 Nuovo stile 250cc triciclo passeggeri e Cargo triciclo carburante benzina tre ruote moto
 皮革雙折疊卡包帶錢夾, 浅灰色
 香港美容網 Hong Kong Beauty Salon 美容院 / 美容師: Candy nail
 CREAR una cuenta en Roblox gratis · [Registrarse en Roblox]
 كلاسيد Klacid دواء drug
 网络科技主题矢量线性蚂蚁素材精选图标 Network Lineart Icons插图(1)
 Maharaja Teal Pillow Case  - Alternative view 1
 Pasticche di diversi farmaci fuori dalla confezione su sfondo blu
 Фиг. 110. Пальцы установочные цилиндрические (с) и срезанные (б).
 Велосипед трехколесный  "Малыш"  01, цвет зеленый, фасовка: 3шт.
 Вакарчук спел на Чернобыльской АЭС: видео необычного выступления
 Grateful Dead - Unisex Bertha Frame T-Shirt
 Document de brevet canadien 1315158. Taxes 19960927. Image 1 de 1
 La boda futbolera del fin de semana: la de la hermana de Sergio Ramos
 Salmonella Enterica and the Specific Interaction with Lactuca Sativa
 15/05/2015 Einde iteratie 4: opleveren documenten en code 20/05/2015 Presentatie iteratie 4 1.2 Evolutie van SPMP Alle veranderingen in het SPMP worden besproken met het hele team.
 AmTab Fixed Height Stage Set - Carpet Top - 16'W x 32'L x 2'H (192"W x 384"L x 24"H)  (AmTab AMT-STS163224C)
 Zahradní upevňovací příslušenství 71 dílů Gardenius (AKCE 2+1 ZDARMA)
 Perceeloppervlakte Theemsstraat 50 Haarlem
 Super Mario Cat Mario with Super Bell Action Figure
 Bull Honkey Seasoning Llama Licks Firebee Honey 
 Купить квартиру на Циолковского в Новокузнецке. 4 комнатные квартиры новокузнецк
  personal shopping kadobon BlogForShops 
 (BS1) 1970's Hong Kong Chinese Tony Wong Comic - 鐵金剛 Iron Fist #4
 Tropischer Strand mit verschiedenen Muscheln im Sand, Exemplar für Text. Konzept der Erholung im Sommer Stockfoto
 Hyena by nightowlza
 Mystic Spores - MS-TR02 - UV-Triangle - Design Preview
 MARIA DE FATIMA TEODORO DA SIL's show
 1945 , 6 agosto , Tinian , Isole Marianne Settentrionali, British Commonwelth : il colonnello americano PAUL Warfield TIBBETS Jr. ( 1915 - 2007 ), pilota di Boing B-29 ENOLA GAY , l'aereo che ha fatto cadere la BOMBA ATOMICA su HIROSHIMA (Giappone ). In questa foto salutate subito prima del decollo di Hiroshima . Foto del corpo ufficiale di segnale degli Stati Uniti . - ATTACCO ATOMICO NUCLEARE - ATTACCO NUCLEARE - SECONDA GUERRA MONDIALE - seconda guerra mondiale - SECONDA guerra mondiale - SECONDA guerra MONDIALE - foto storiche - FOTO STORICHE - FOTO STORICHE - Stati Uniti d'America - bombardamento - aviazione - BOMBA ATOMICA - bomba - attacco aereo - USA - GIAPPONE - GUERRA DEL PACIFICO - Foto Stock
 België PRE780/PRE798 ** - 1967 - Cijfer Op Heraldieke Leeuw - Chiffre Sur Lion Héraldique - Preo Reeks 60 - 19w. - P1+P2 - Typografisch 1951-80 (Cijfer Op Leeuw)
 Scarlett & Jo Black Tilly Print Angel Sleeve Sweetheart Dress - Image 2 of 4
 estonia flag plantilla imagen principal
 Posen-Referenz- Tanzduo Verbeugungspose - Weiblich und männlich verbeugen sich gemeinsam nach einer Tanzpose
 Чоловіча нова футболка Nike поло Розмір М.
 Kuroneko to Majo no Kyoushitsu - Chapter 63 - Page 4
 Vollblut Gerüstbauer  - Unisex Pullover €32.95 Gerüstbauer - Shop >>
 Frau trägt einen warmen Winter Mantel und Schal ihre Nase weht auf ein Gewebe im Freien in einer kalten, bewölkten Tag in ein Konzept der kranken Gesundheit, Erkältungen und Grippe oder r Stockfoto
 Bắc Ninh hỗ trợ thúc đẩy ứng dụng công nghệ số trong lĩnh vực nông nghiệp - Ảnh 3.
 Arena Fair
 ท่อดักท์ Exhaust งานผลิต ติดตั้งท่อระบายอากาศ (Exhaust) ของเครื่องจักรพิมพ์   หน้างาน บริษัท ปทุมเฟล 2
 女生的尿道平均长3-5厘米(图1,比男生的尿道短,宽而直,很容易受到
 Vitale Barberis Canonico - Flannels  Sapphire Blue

_Instructions to follow:_ For the material above, state the number of lines that include the word "with". Leave out everything else.

_Output below:_ 2